The ABC’s of Eating would be a great title for an education course that addresses all of the food groups, the benefits and detriments of those groups and how to ascertain what our individual needs are from each category.

That doesn’t seem like such a difficult concept, but do you see any class being taught that addresses those issues? No, and more than likely you won’t. Because our society doesn’t feel like it is an issue that should be addressed by our education system.

eating

Let me put this proposition before you, however. Has there always been an evident need to learn to drive? No, driving wasn’t around until the turn of the 20th century. Driving is included in the education system, and taught as a matter of course each year. The need to be educated in the ability to drive is relatively new, and is not one of the “old world” school topics, but it’s included because a need developed.

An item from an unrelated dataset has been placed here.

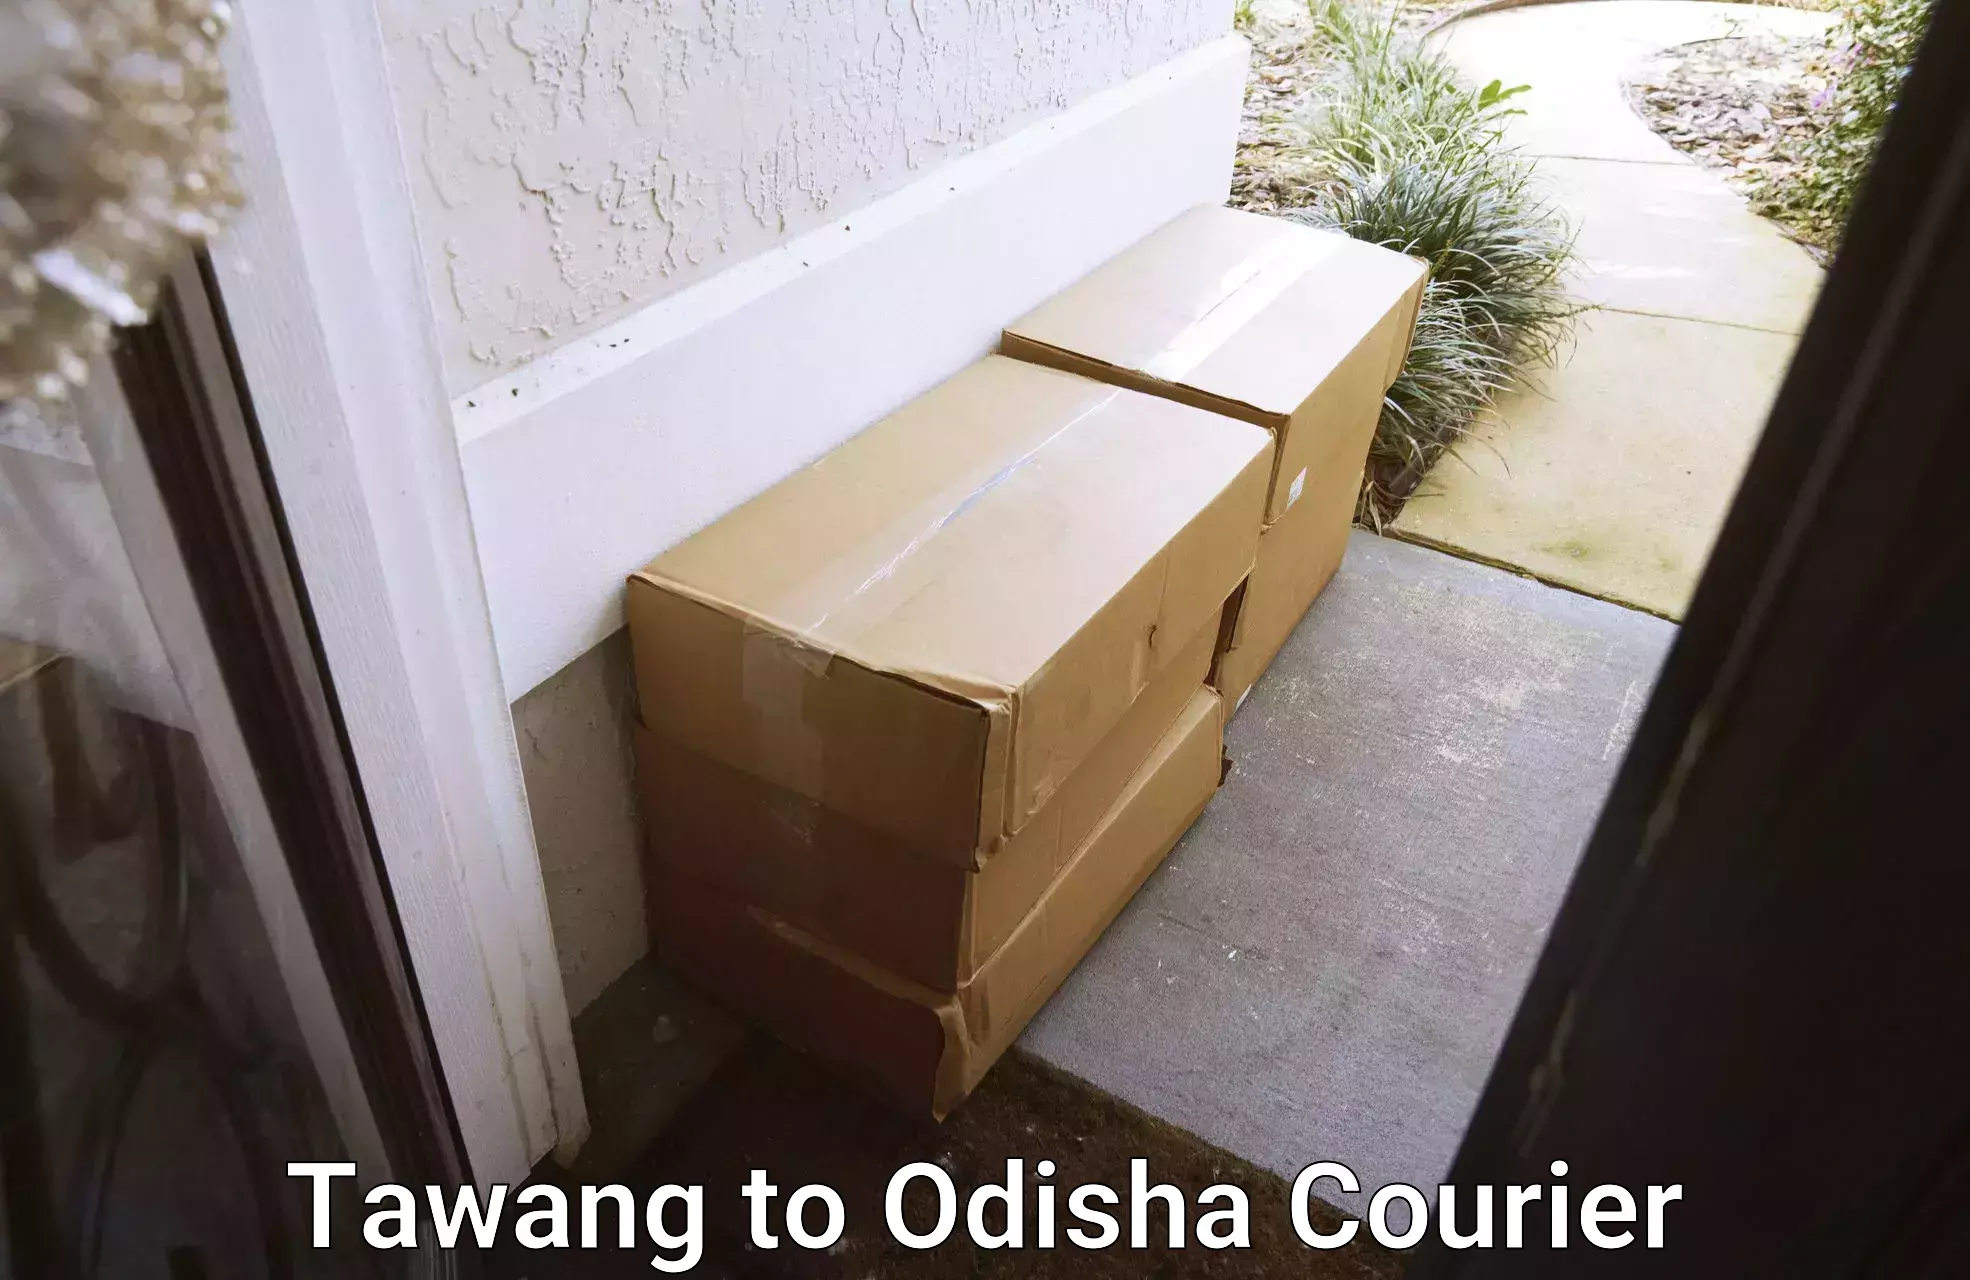 Cash on delivery service Tawang to Odisha

Education about our eating is a need that has developed over the last 30 years, and has now reached epidemic portions. Advertisements about our eating choices are driven by the need to make a profit. The commercials our children are watching have nothing to do with their real nutritional needs, or the foods that actually are good for them to consume. Here is where the educational process should bridge the gap. Just as our education system teaches our children how to count, read, and write, they should teach them about their eating habits. We educate our children because knowledge is power. It provides them with the power they need to make good decisions, acquire jobs, create new products and processes, and to live out their lives as they see fit. Shouldn’t they also have a basic knowledge of how to utilize the food resources around them?

Teaching and educating about the basics of the food groups, how they work with your body, the metabolic process of digesting those foods, how the body uses and stores energy, and how to keep all those processes working at optimal levels is as important as understanding the algebraic theorems and how they apply to our ability to perform mathematically. Determining just where in the education realm that such a class would fit is another matter. Members of the educational system will probably tell you that it simply isn’t a matter of concern for the school system, that it is an issue best addressed at home. But how can it be addressed at home, if the person at home has no knowledge to impart? We don’t just acquire the knowledge needed for intelligent food consumption with the birth of our children.

The basic food groups and what foods fall into each category is a topic lightly addressed during the health classes taught at our middle schools. But what about the metabolic process of digesting those foods, the interaction of the food, the nutrients, and our energy needs? Knowing how to differentiate between what foods will provide both energy, nutrients, and good taste is a learned knowledge. Do you suppose children would continue to stuff something in their mouth if we addressed the consumption of Twinkies in the same way we do dirt?